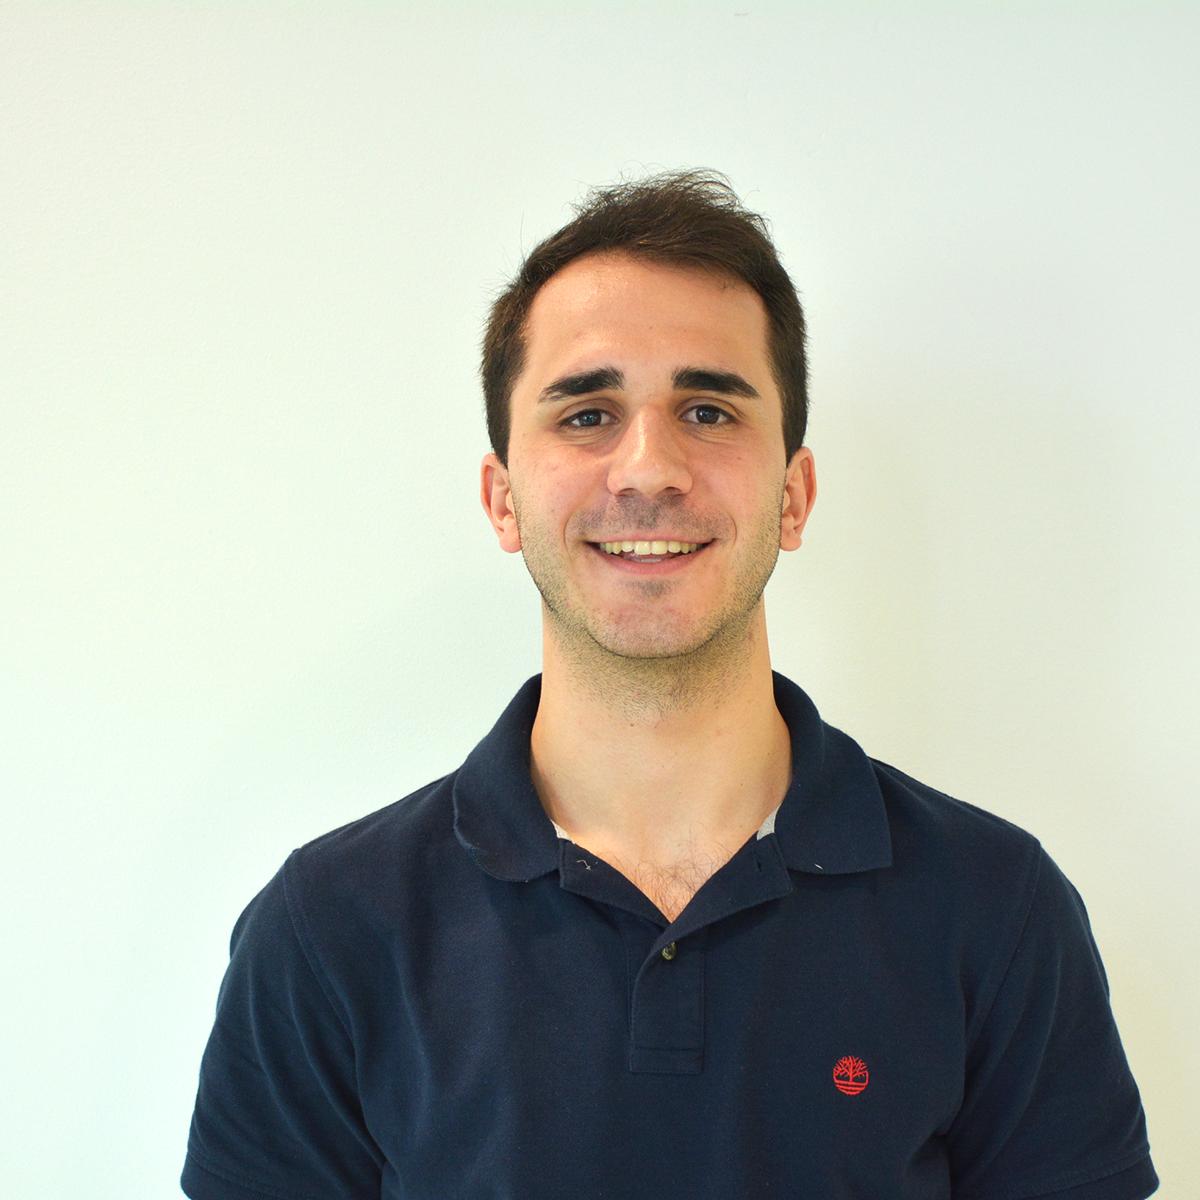 Antonio Chozas, Graduate Industrial Design
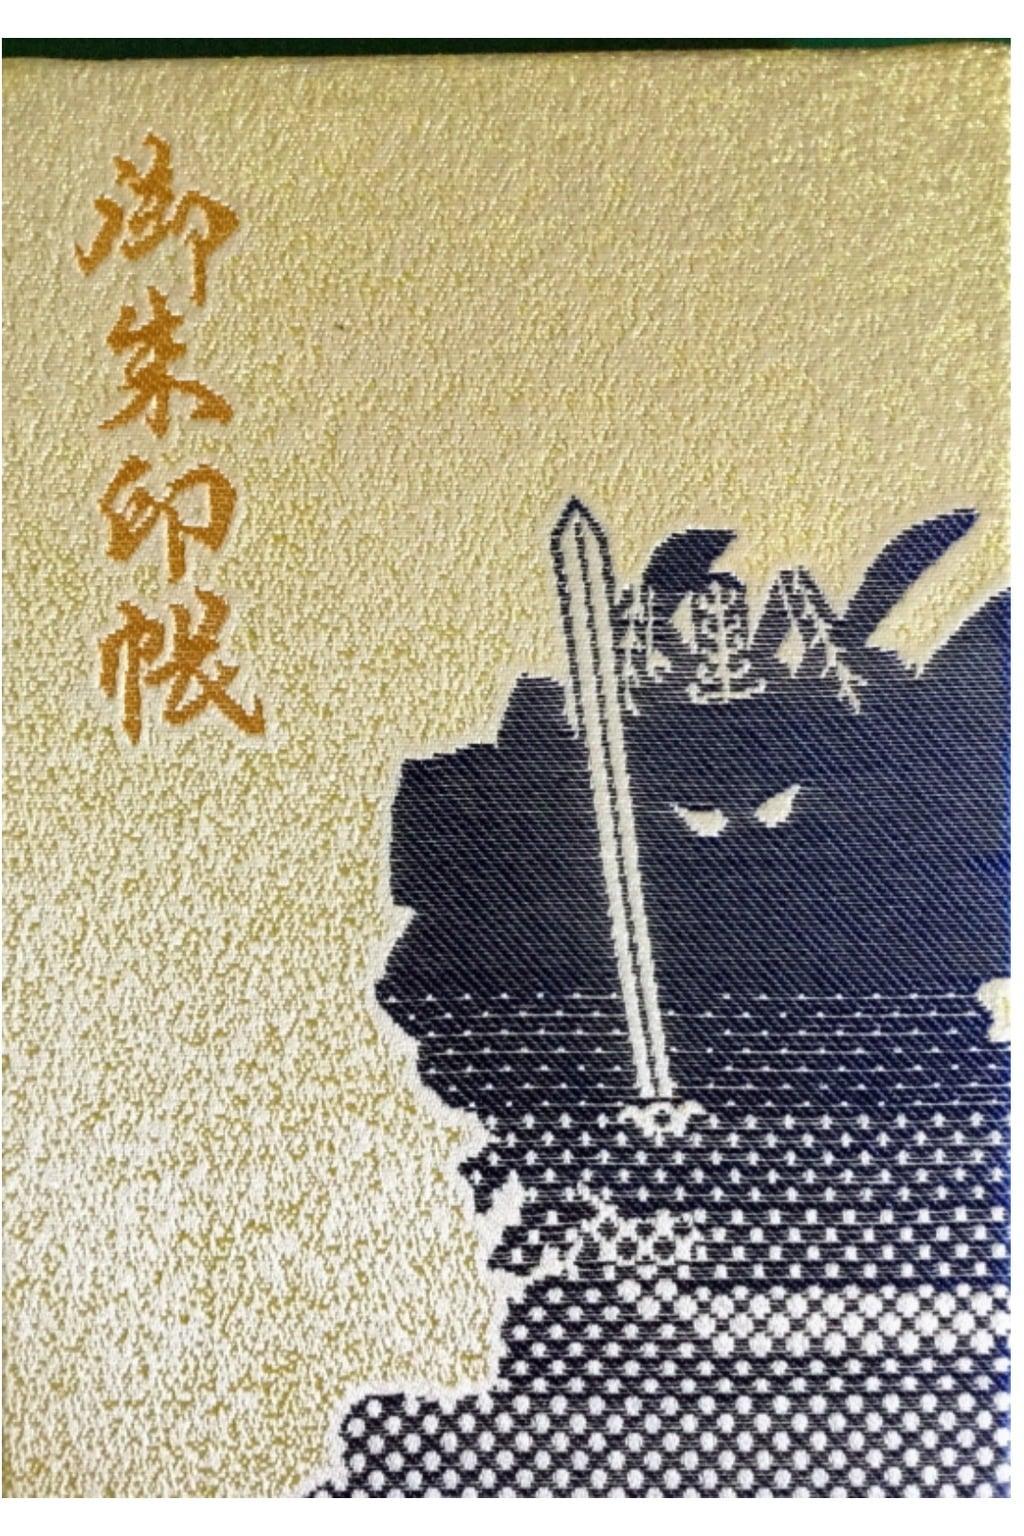 鎮守氷川神社の御朱印帳
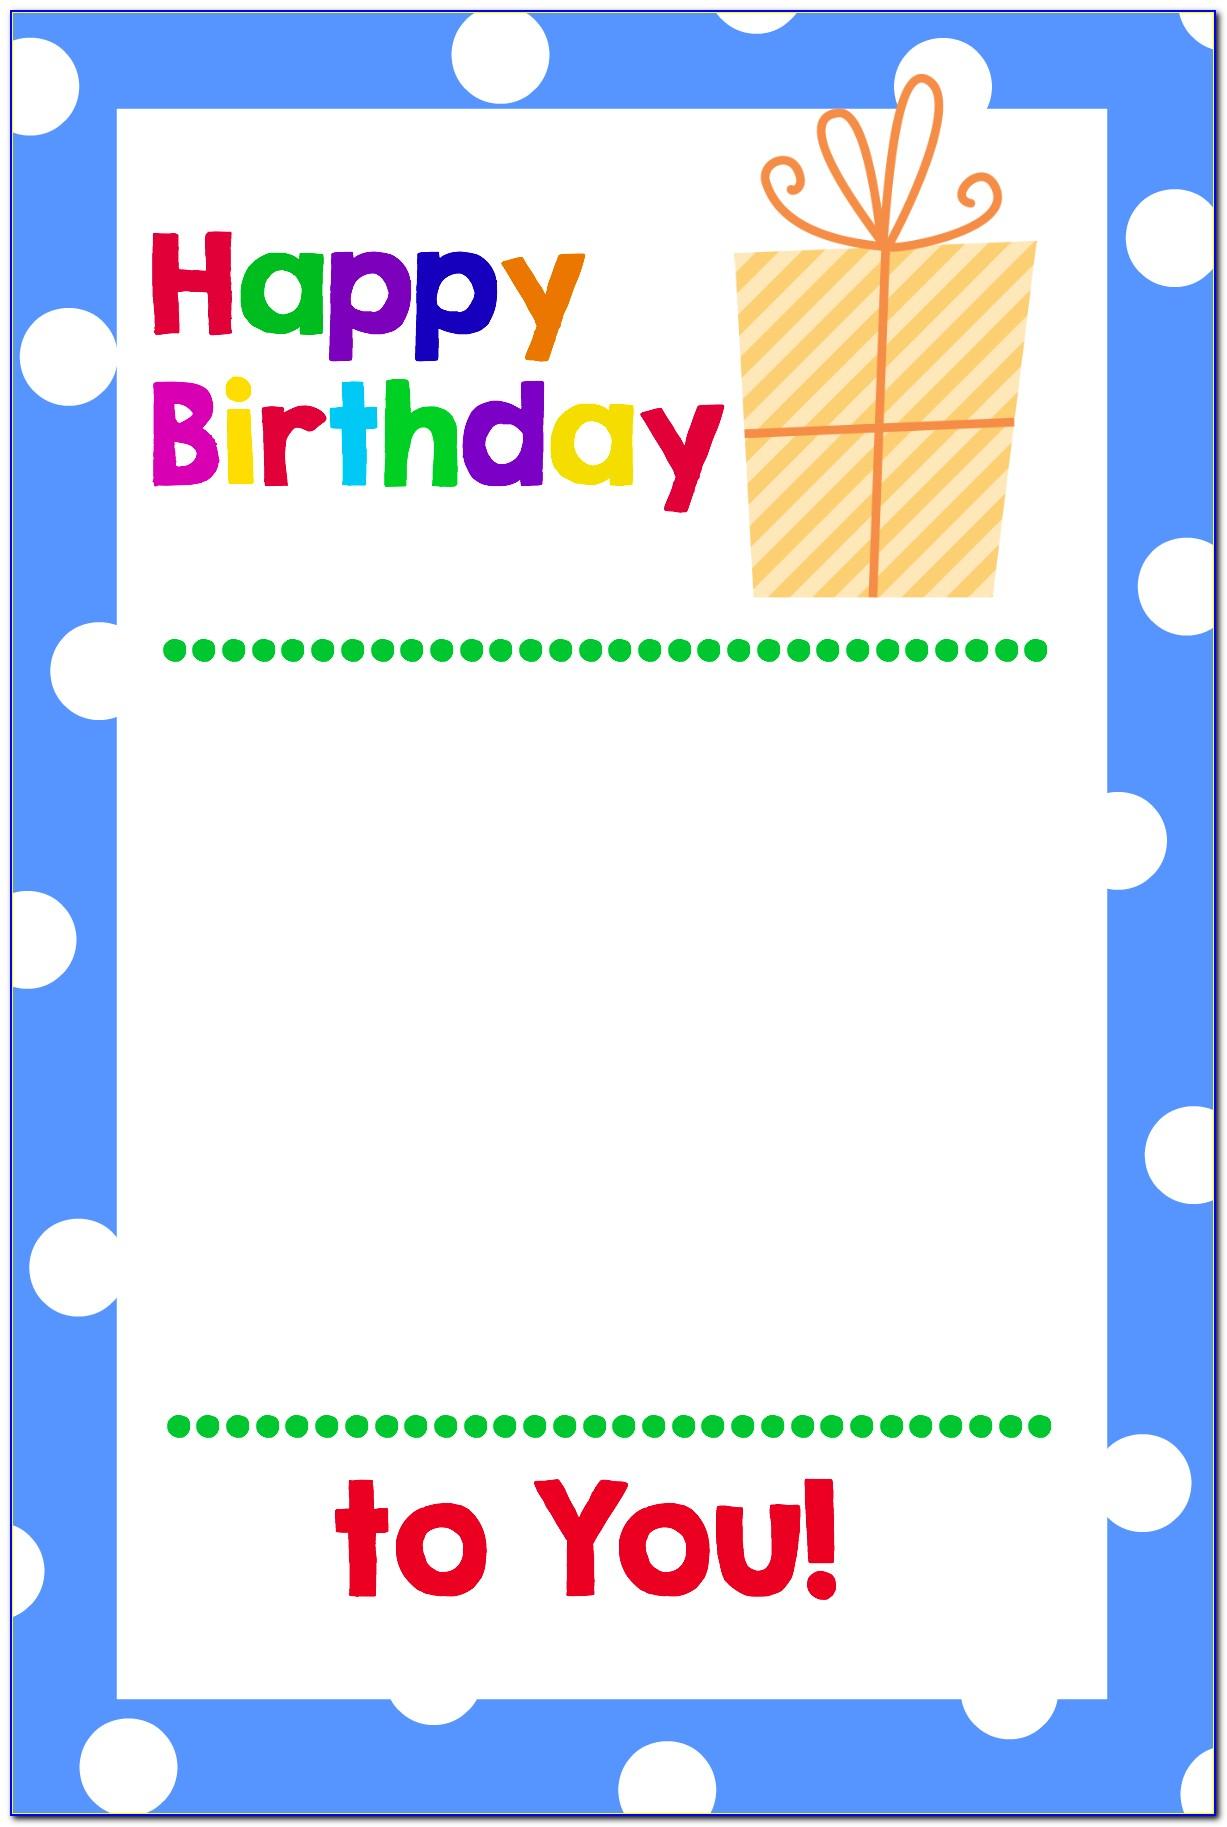 Free Printable Birthday Card Templates For Mac
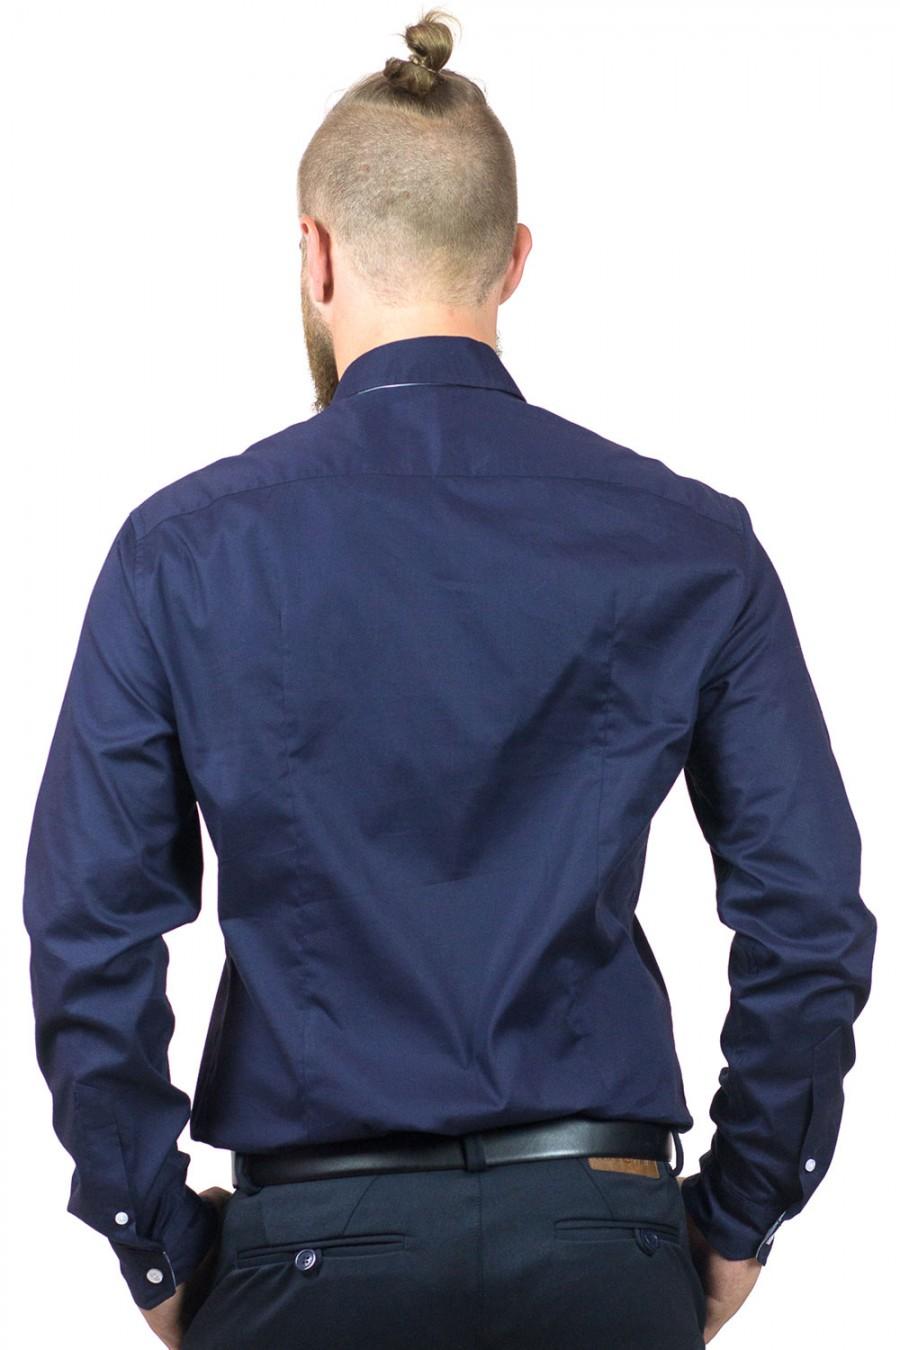 Мужская рубашка S-119-6
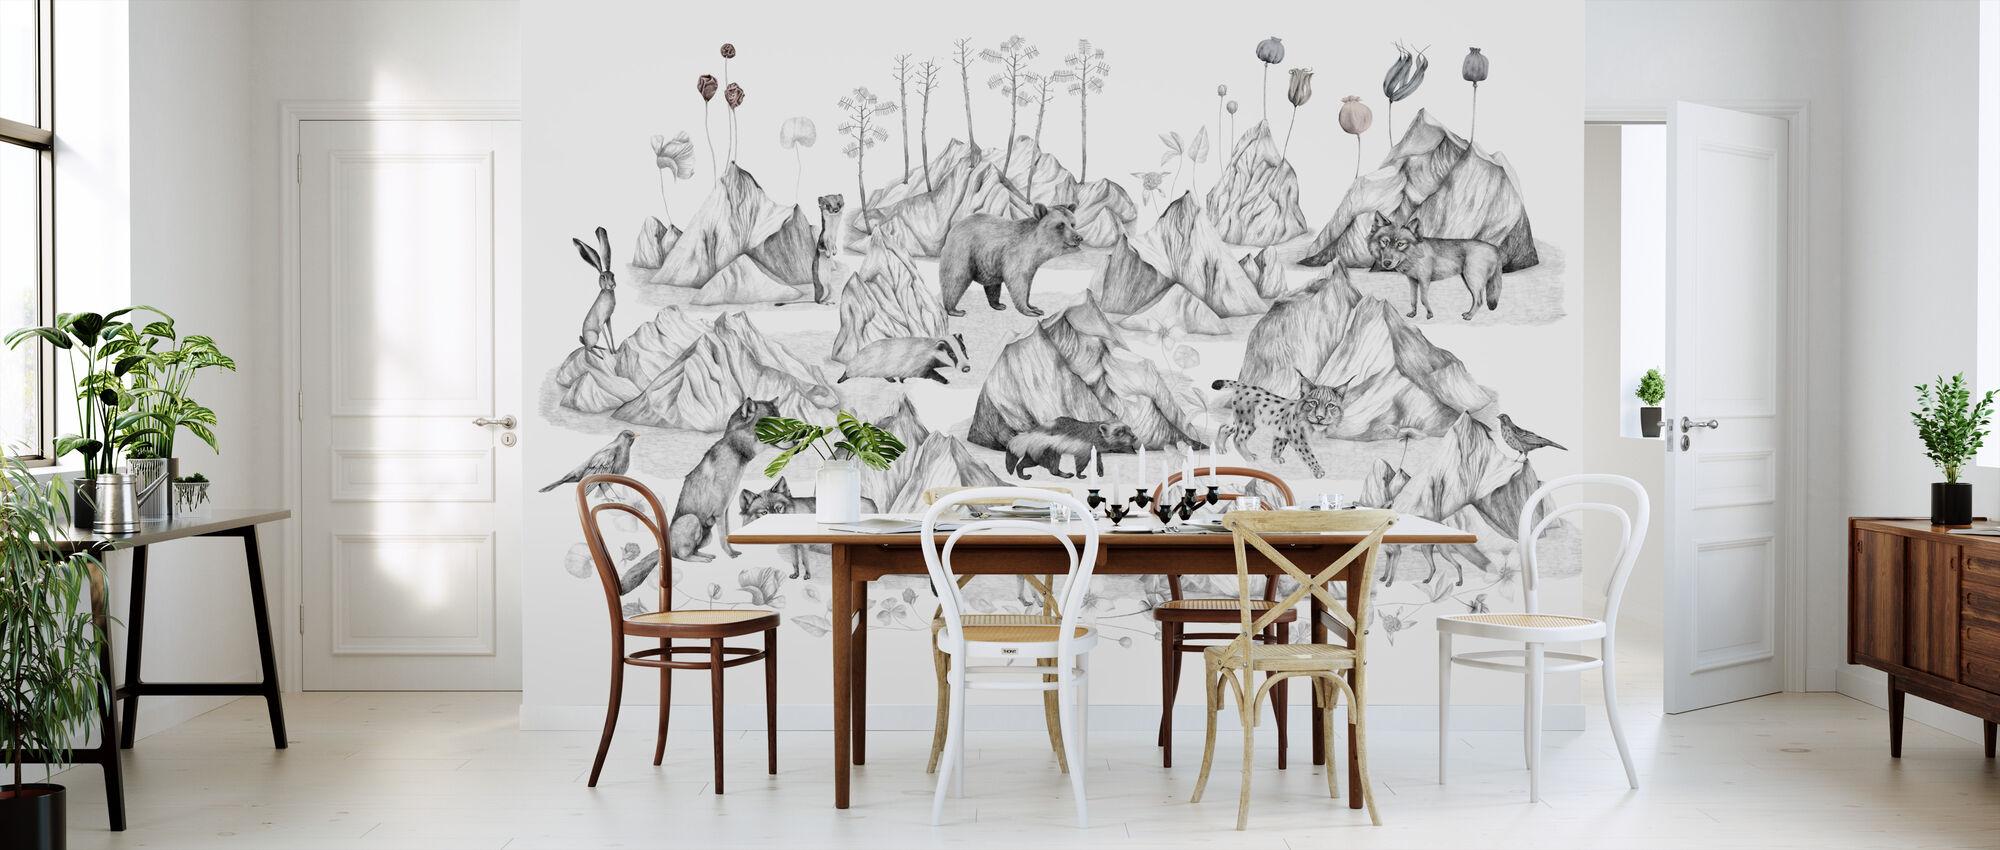 Free in My Landscape - Wallpaper - Kitchen

# [Problem description]
Each record, word for word, should be printed again without its pictures.

# [Written response]
 Antonio Chozas, Graduate Industrial Design
 鎮守氷川神社の御朱印帳
 Free Printable Birthday Card Templates For Mac
 Мужская рубашка S-119-6
 Free in My Landscape - Wallpaper - Kitchen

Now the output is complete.